Mongosync keeps "lagTimeSeconds" big

Hello!

I’m using mongosync 1.7.0 to sync data between two datacenters (about 500GB) with MongoDB 6.0.8. It syncs collections without any issues moves to “change event application” stage. But the problem that “lagTimeSeconds” continue growing (now it’s 16493) and stops when it’s 4-8 hours behind.
Then if want to commit I have to wait the lag time. I checked this and after “commit” command sent “lagTimeSeconds” goes down slowly second by second. By docs I see that during “commit” state I should prevent writes to source cluster. It means that I should consider 4-8 hours downtime
I was thinking that after initial sync of collections, the “lagTimeSeconds” will be going down. But it’s not, it goes up and then stops increasing some moment.

Same time if I decide to move data using copying of mongodb files from disk it will take about 4 hours of downtime.
I suppose something is wrong here.

{"progress":{"state":"RUNNING","canCommit":true,"canWrite":false,"info":"change event application","lagTimeSeconds":17042,"collectionCopy":{"estimatedTotalBytes":1718274427703,"estimatedCopiedBytes":1718366009460},"directionMapping":{"Source":"cluster0: 127.0.0.1:27017","Destination":"cluster1: 127.0.0.1:27100"},"mongosyncID":"coordinator","coordinatorID":"coordinator"}}

I restarted sync many times and always after moving to “change event application” state it keeps “lagTimeSeconds” big enough to make it not possible to move to another server without downtime.

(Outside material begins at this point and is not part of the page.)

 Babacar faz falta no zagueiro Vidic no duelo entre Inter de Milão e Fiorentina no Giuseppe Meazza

Please let me know if you have any idea why it happens. Network speed and CPU are not bottlenecks, as I restarted sync many times and “collection copy” stage goes fast enough and after that it still does some inserts on the new server, but it looks like it keeps the lag and doesn’t try to catch up.

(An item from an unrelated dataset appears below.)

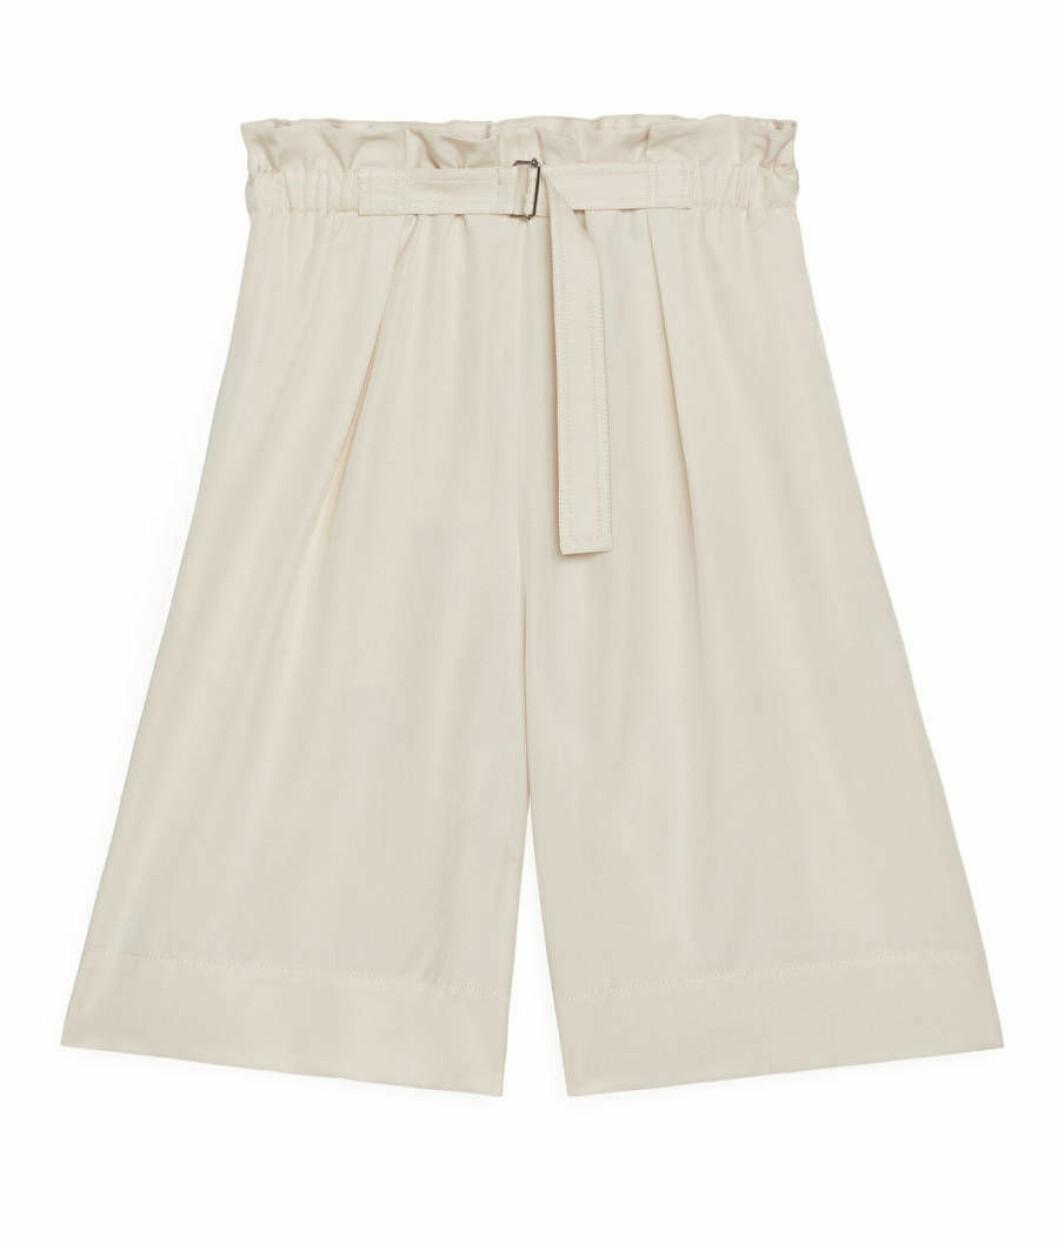 Beige shorts med hög midja och långa ben

This is state that I see right now after it runs for couple more hours {"progress":{"state":"RUNNING","canCommit":true,"canWrite":false,"info":"change event application","lagTimeSeconds":23292,"collectionCopy":{"estimatedTotalBytes":1718274427703,"estimatedCopiedBytes":1718366009460},"directionMapping":{"Source":"cluster0: 127.0.0.1:27017","Destination":"cluster1: 127.0.0.1:27100"},"mongosyncID":"coordinator","coordinatorID":"coordinator"}}

Btw, desstination server is not on same machine. I just run ssh tunnel to another server on port 27100

Looks like I found why I have that lag. “date” command shows different time on two servers because of time zone. And difference is 4 hours. I’ll try to set same timezone now and will update this ticket if it works. FYI I run mongosync binary on source cluster with EDT tz, but on destionation one I have UTC.

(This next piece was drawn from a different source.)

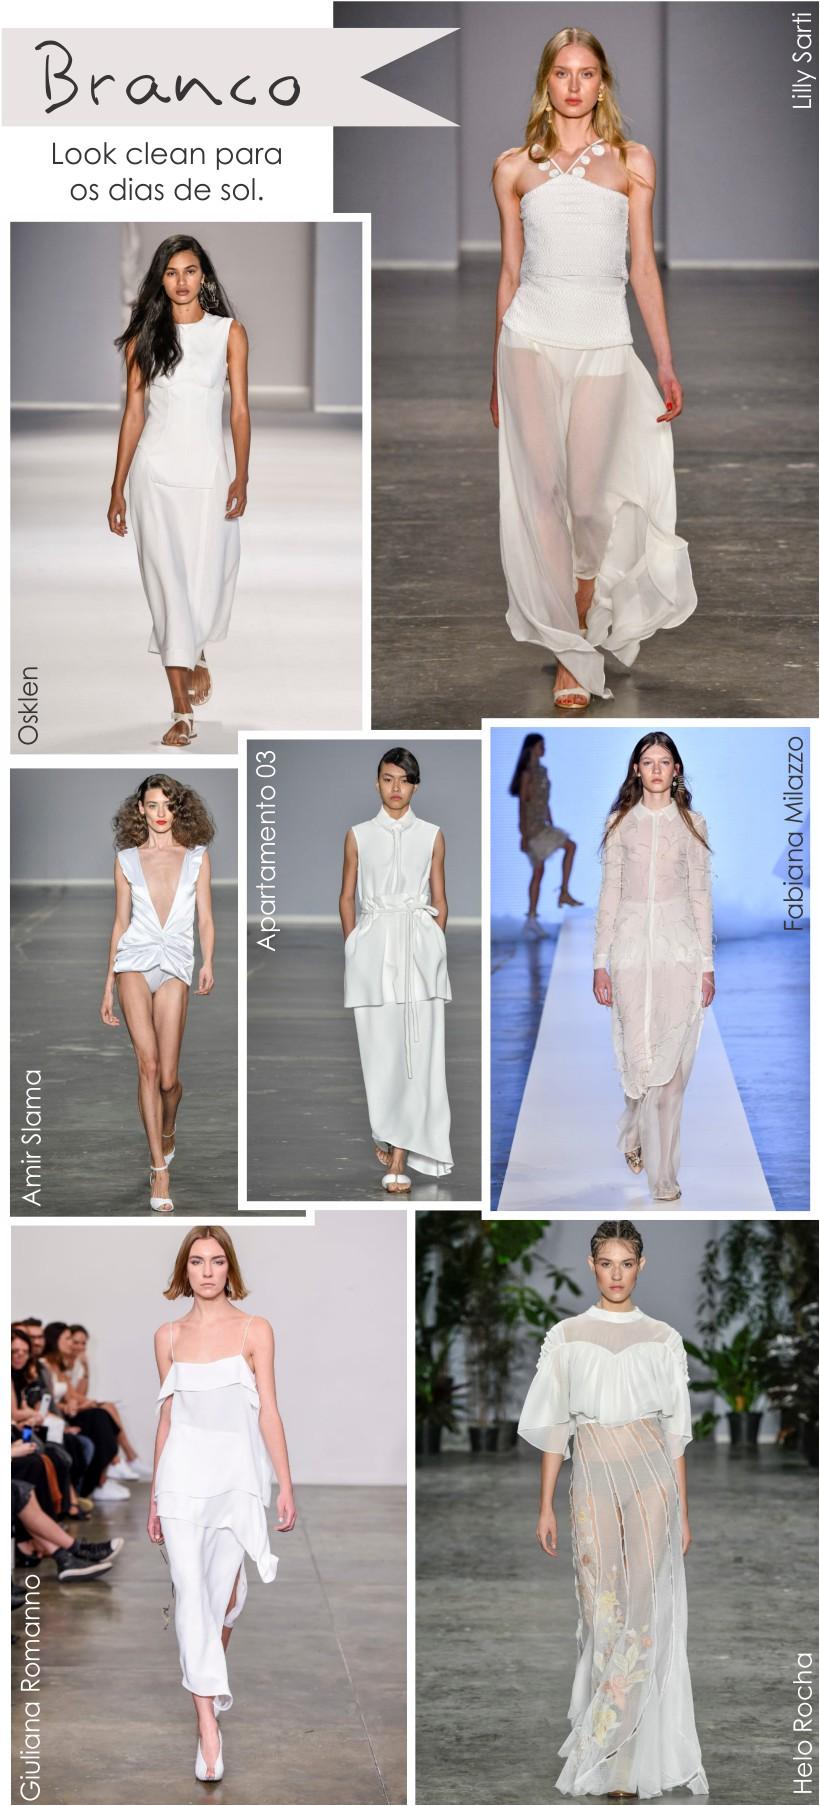 Branco é tendência do SPFW N44 Verão 2018

Ok, I changed time zone, restarted server and restarted sync. Now it looks promising because lag doesn’t grow up during sync, stays around 50 seconds

{"progress":{"state":"RUNNING","canCommit":false,"canWrite":false,"info":"collection copy","lagTimeSeconds":75,"collectionCopy":{"estimatedTotalBytes":1721506636723,"estimatedCopiedBytes":395547521848},"directionMapping":{"Source":"cluster0: 127.0.0.1:27017","Destination":"cluster1: 127.0.0.1:27100"},"mongosyncID":"coordinator","coordinatorID":"coordinator"}}

75 seconds. So, looks like mongosync uses local time instead of unix timestamp for dates to apply oplog, not sure why it’s like that.

Looks like it didn’t help. Collection copy finished, now on “change event application”. And the lag grows up again

{“progress":{“state”:“RUNNING”,“canCommit”:true,“canWrite”:false,“info”:“change event application”,“lagTimeSeconds”:23079,“collectionCopy”:{“estimatedTotalBytes”:1721506636723,“estimatedCopiedBytes”:1722156937585},“directionMapping”:{“Source”:“cluster0: 127.0.0.1:27017”,“Destination”:“cluster1: 127.0.0.1:27100”},“mongosyncID”:“coordinator”,“coordinatorID”:“coordinator”}}

After three weeks of trying I decided to use replication to move to another datacenter instead of mongosync.

This topic was automatically closed 5 days after the last reply. New replies are no longer allowed.